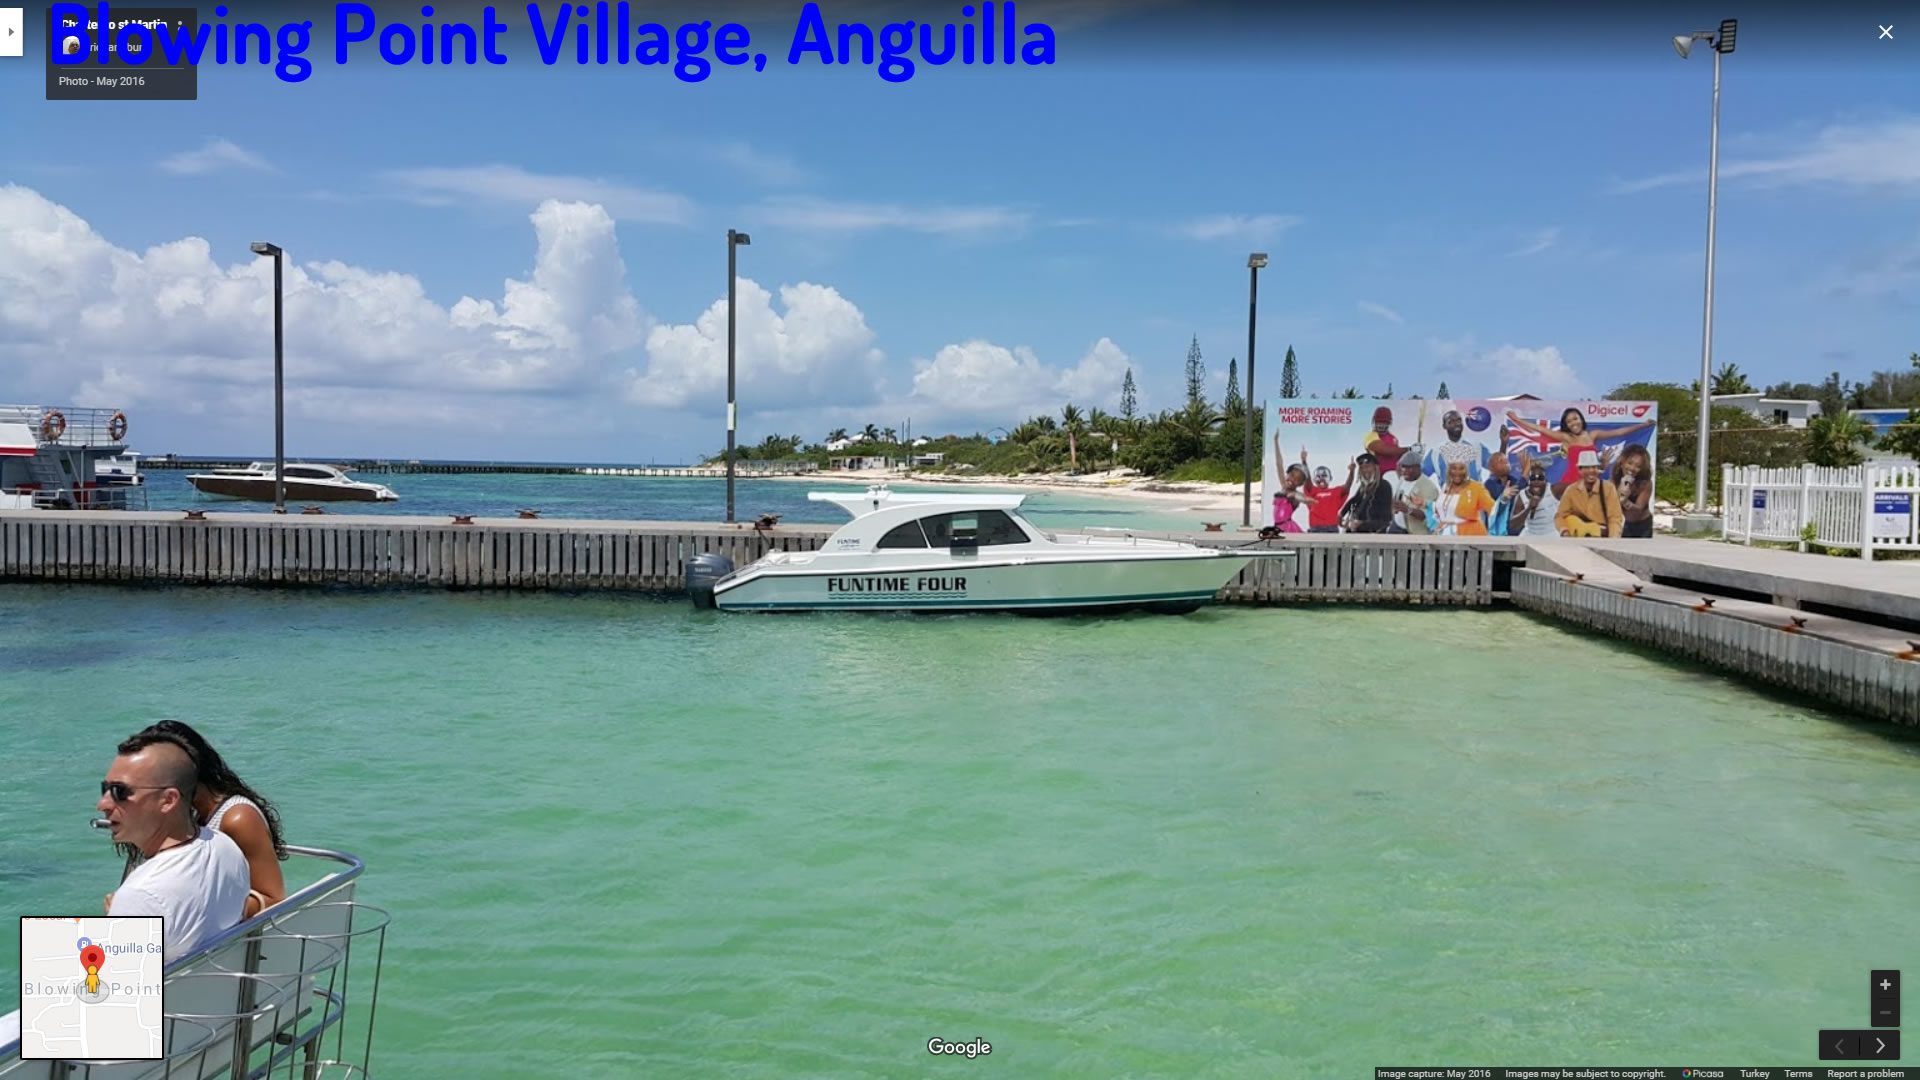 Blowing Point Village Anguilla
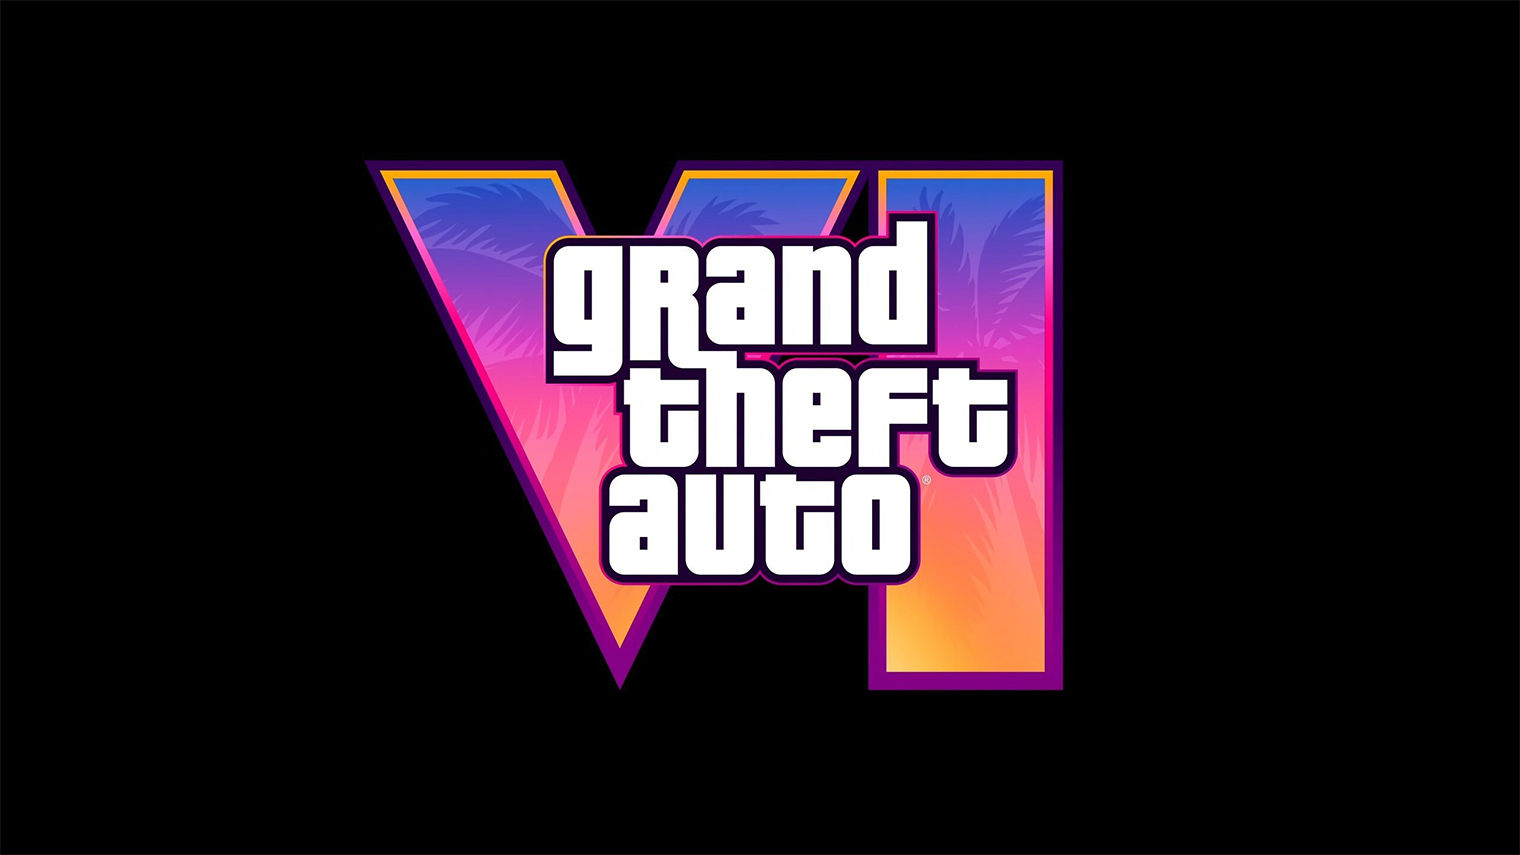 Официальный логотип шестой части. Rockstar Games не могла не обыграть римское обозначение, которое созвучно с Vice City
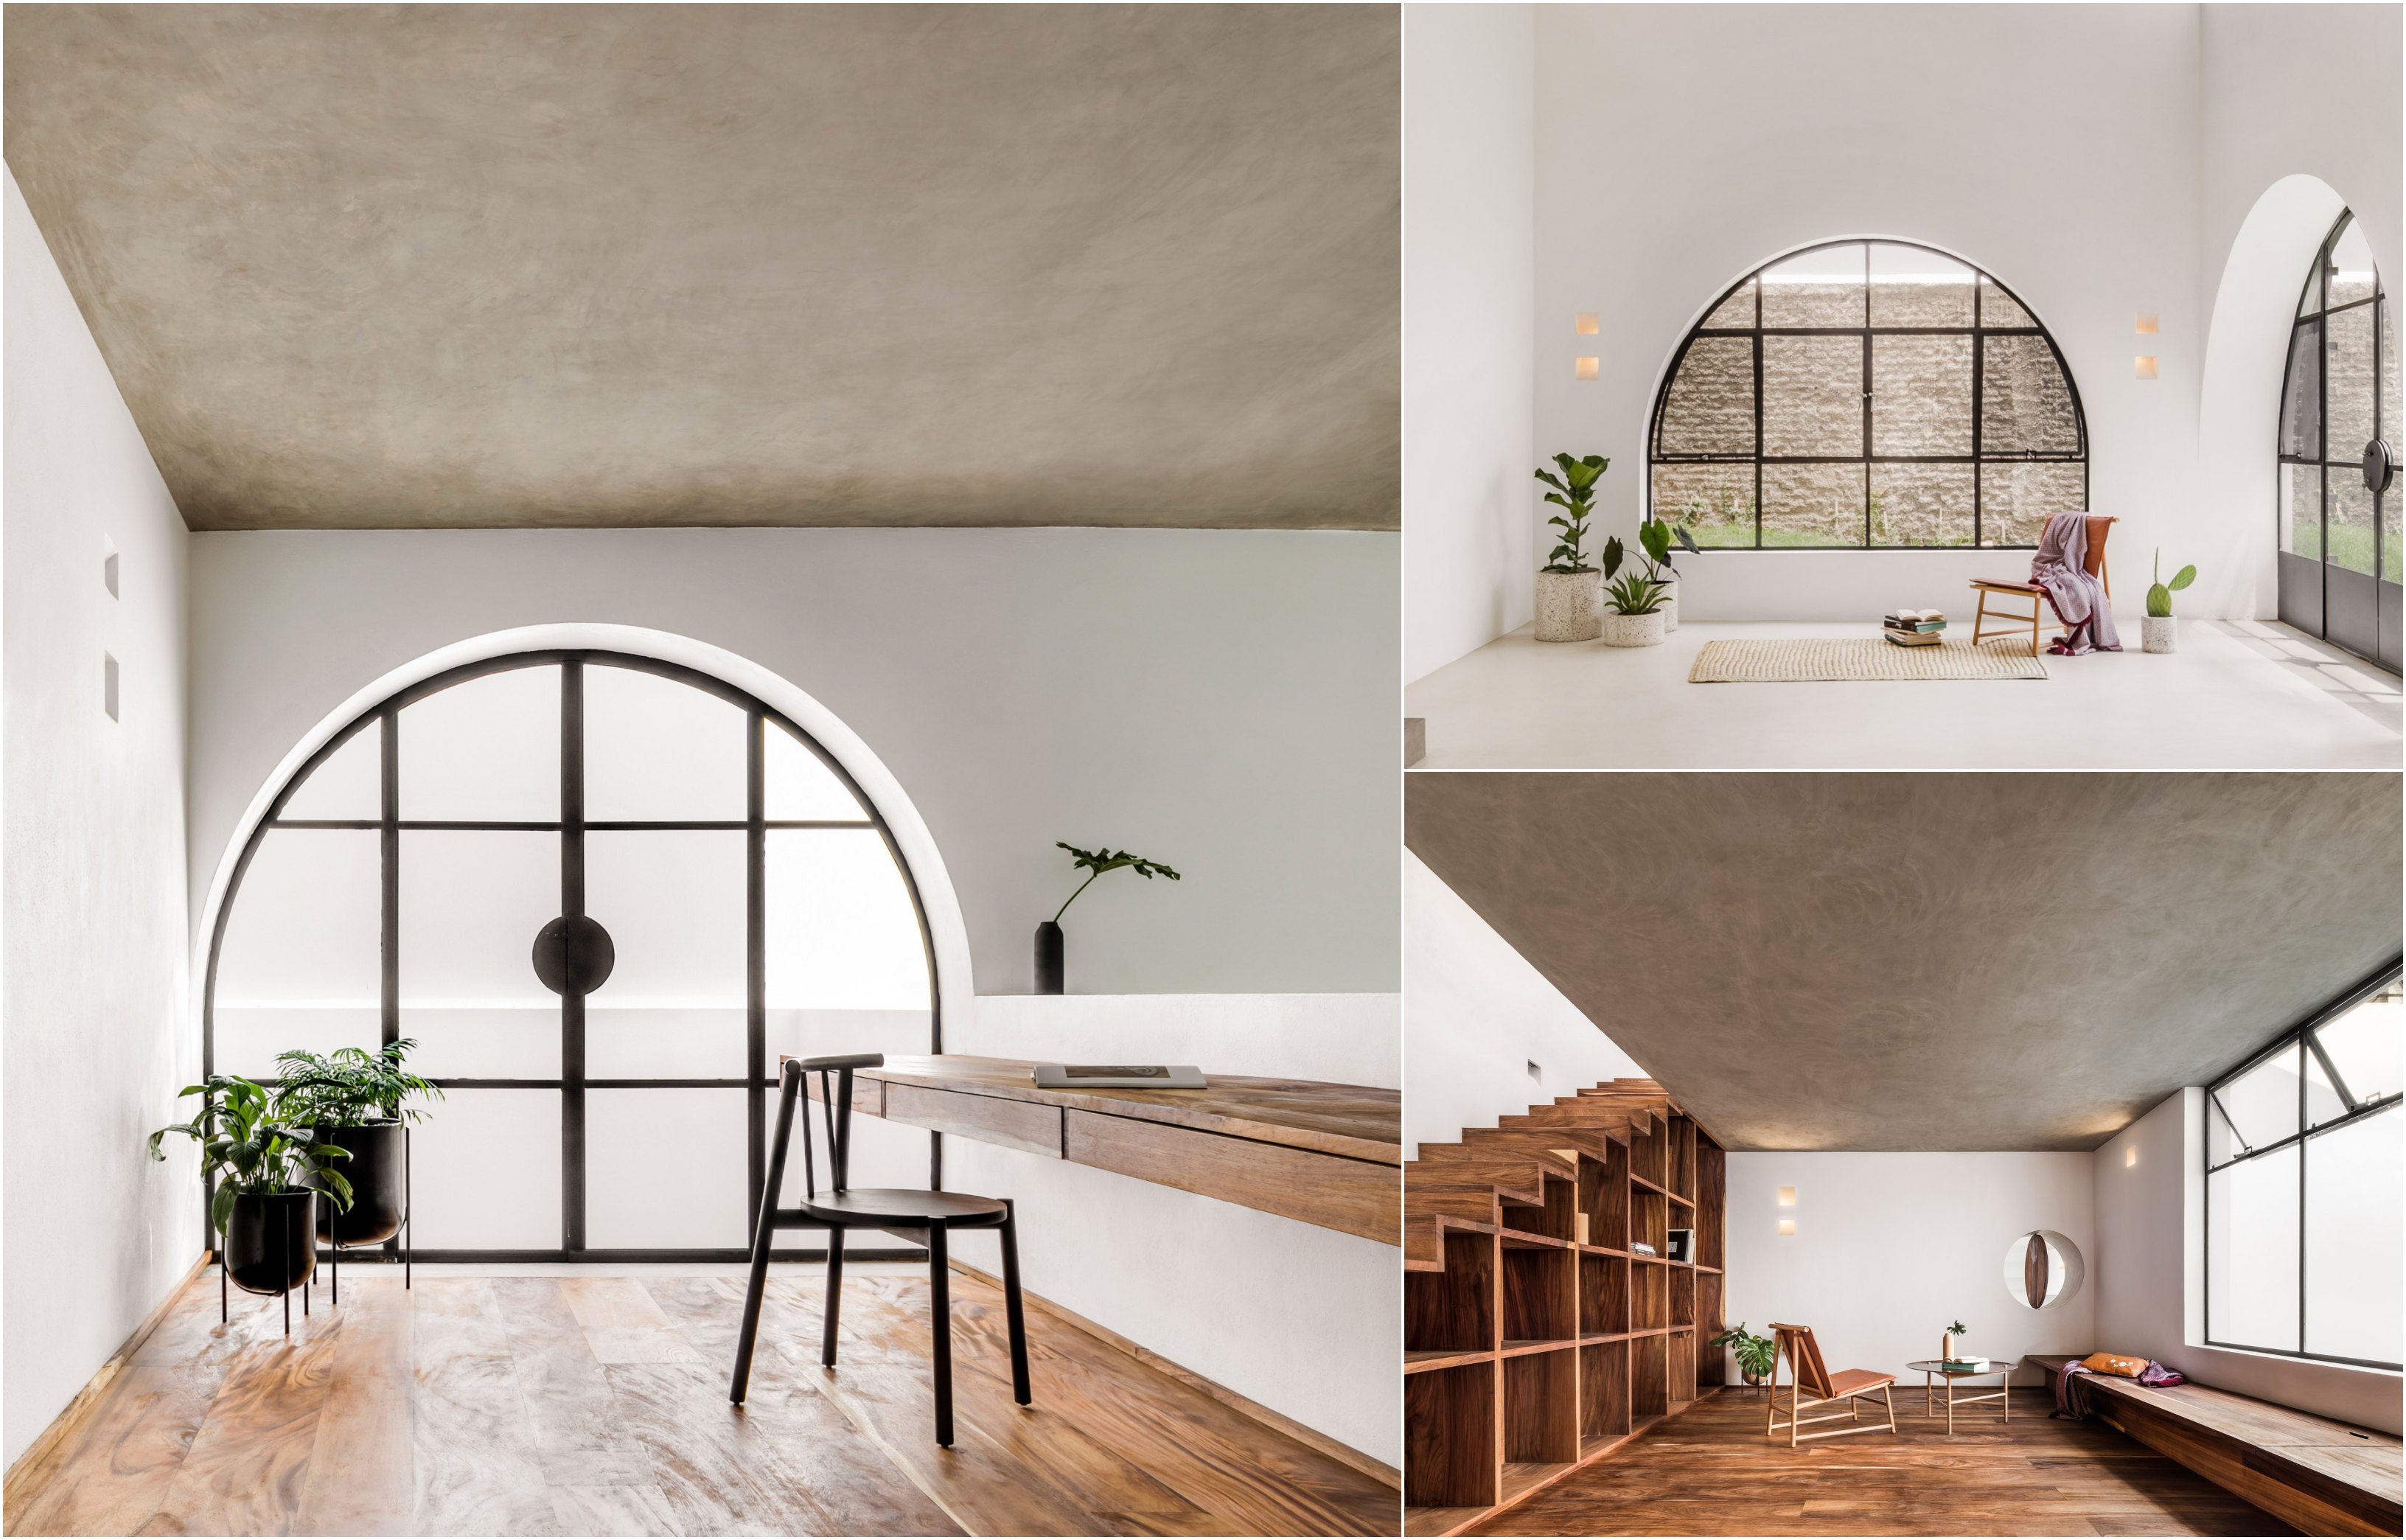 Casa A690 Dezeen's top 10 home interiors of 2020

━━━━━━━━━━━━━━━━━━━━

:: YOUR INSTRUCTIONS ::
Your reply should hold every line of the material, unaltered, and not one picture.

:: FINISHED TASK ::
 Blowing Point Village Anguilla
 Официальный логотип шестой части. Rockstar Games не могла не обыграть римское обозначение, которое созвучно с Vice City
 Casa A690 Dezeen's top 10 home interiors of 2020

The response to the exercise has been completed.